-- Supplied material follows --

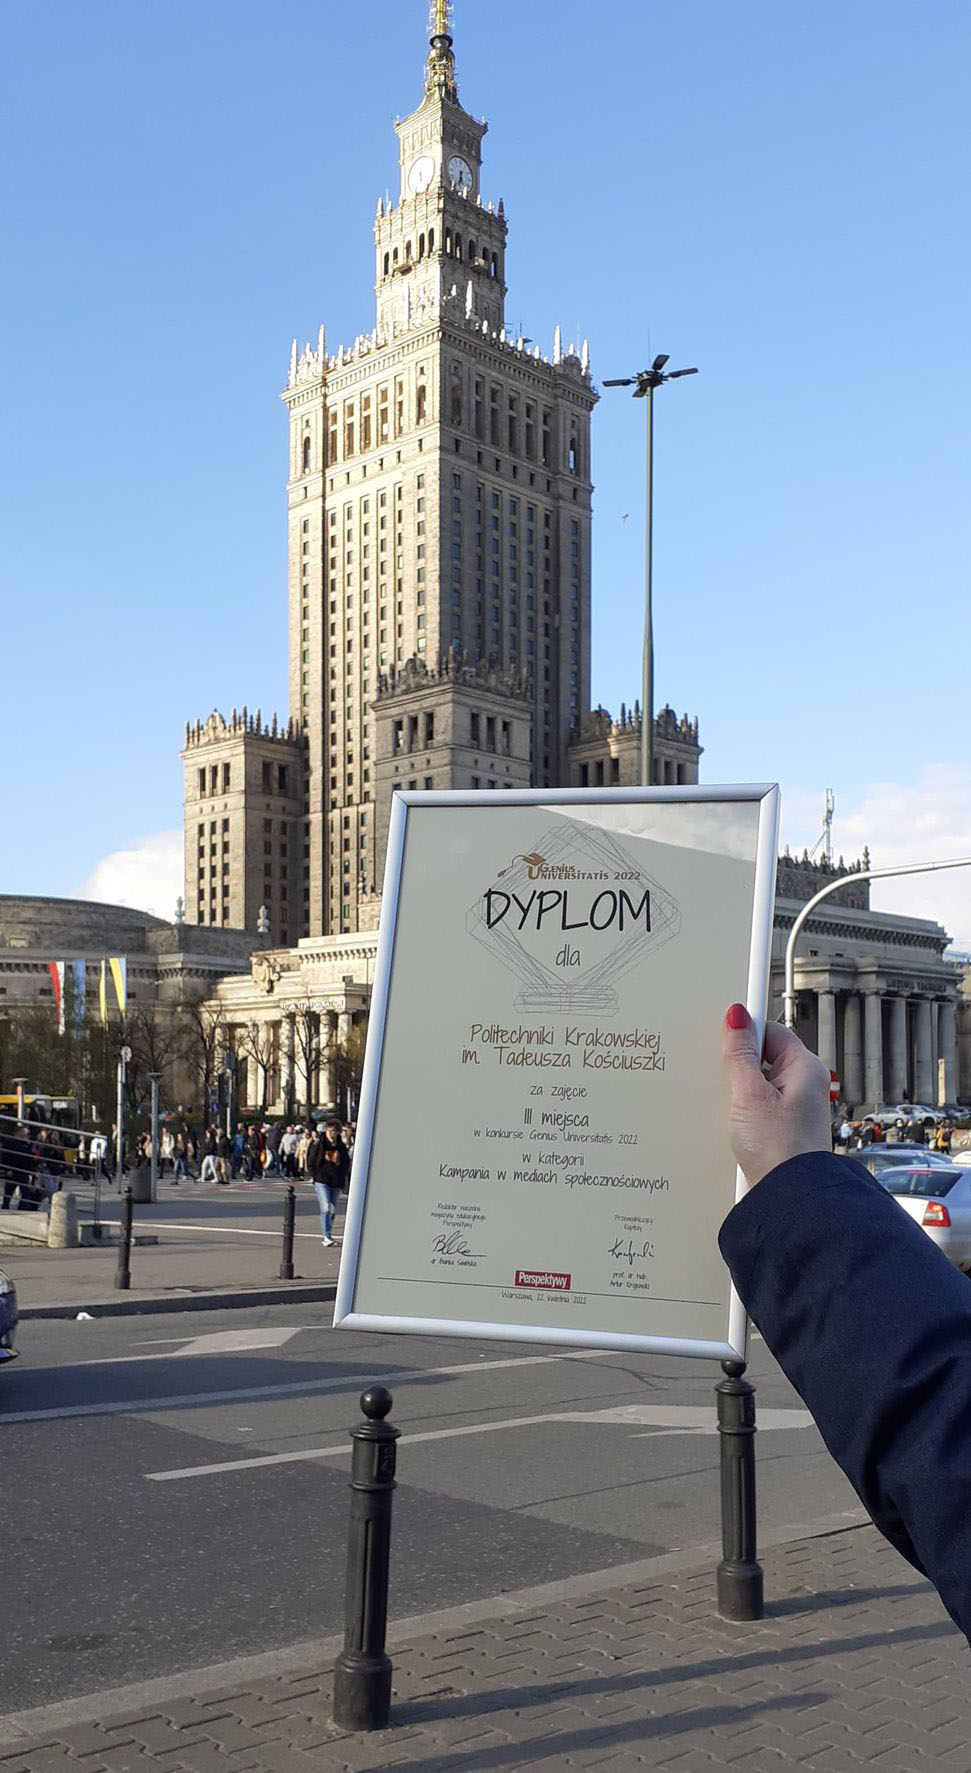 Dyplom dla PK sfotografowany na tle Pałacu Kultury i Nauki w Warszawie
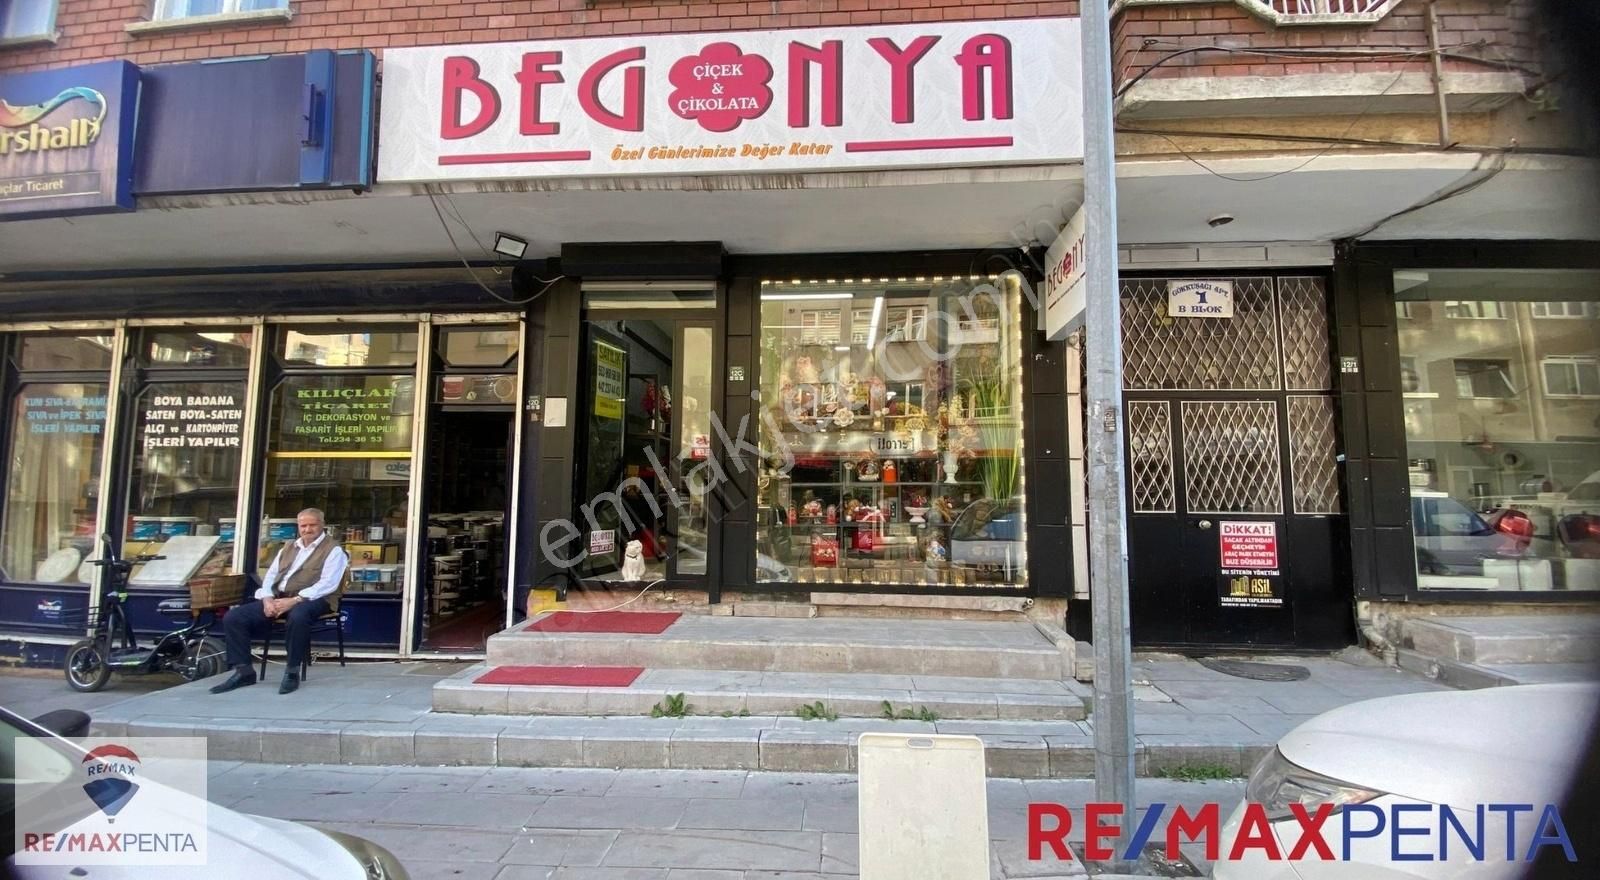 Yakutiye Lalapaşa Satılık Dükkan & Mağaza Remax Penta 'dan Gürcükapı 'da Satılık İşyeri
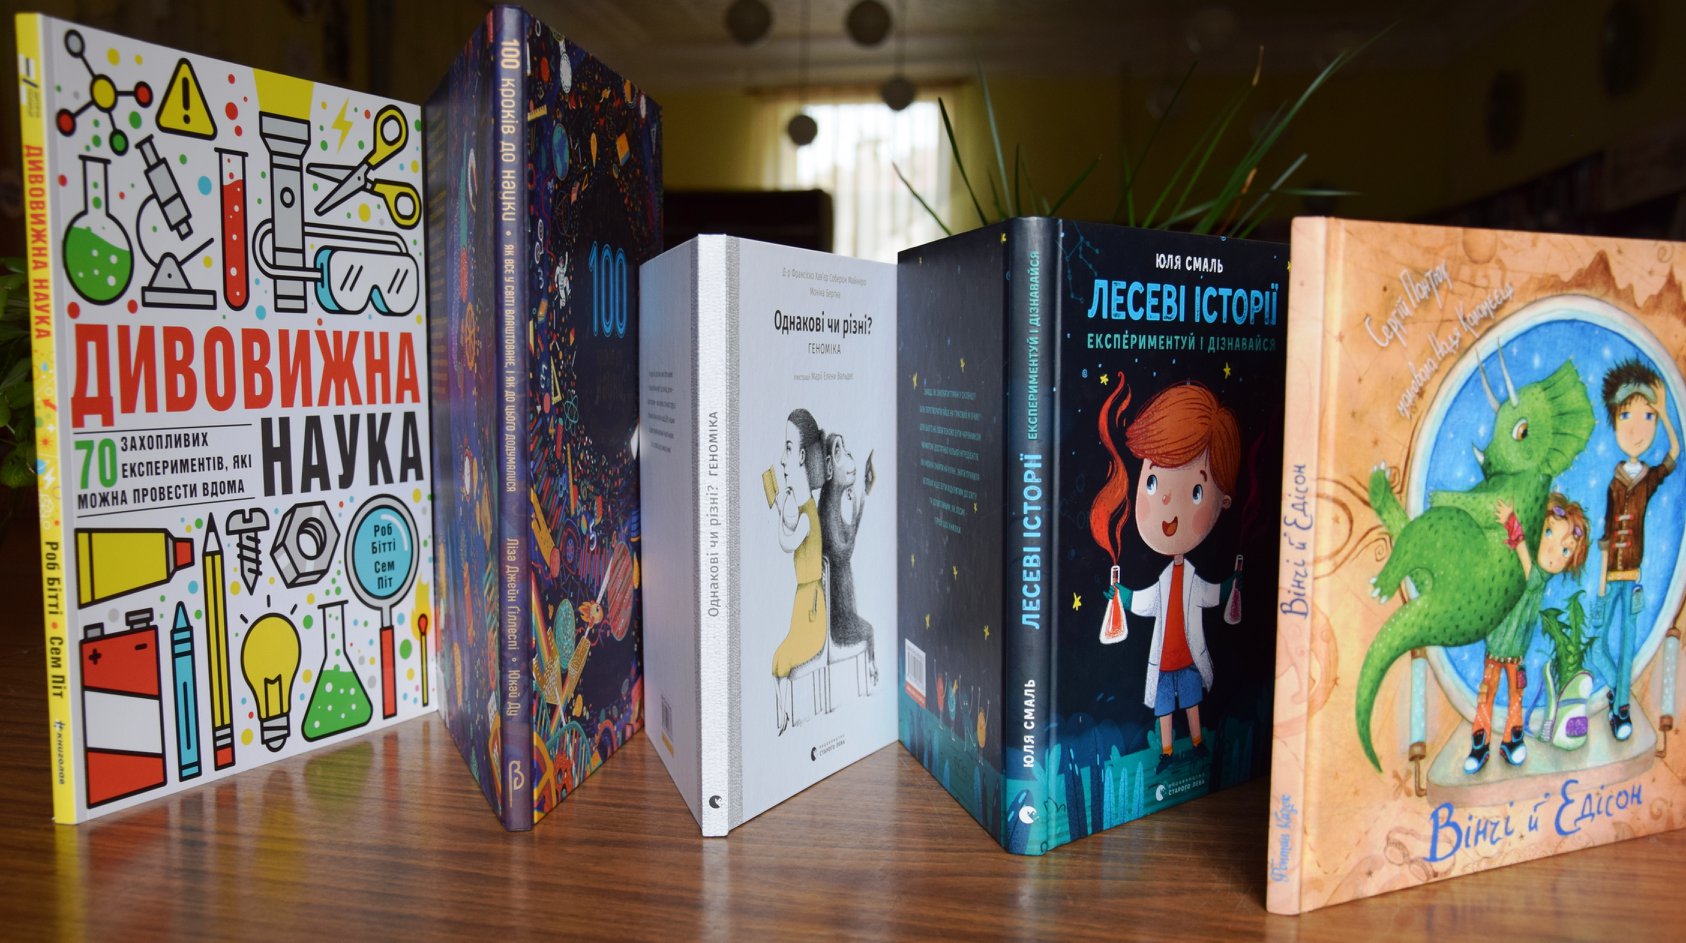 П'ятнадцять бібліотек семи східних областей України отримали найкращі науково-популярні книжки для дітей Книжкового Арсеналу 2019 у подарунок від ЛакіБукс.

-- Supplied material concluded --

▶ **What to do**
Retype the data exactly; images stay out.

▶ **Solved exercise**
 Dyplom dla PK sfotografowany na tle Pałacu Kultury i Nauki w Warszawie
 Yakutiye Lalapaşa Satılık Dükkan & Mağaza Remax Penta 'dan Gürcükapı 'da Satılık İşyeri
 П'ятнадцять бібліотек семи східних областей України отримали найкращі науково-популярні книжки для дітей Книжкового Арсеналу 2019 у подарунок від ЛакіБукс.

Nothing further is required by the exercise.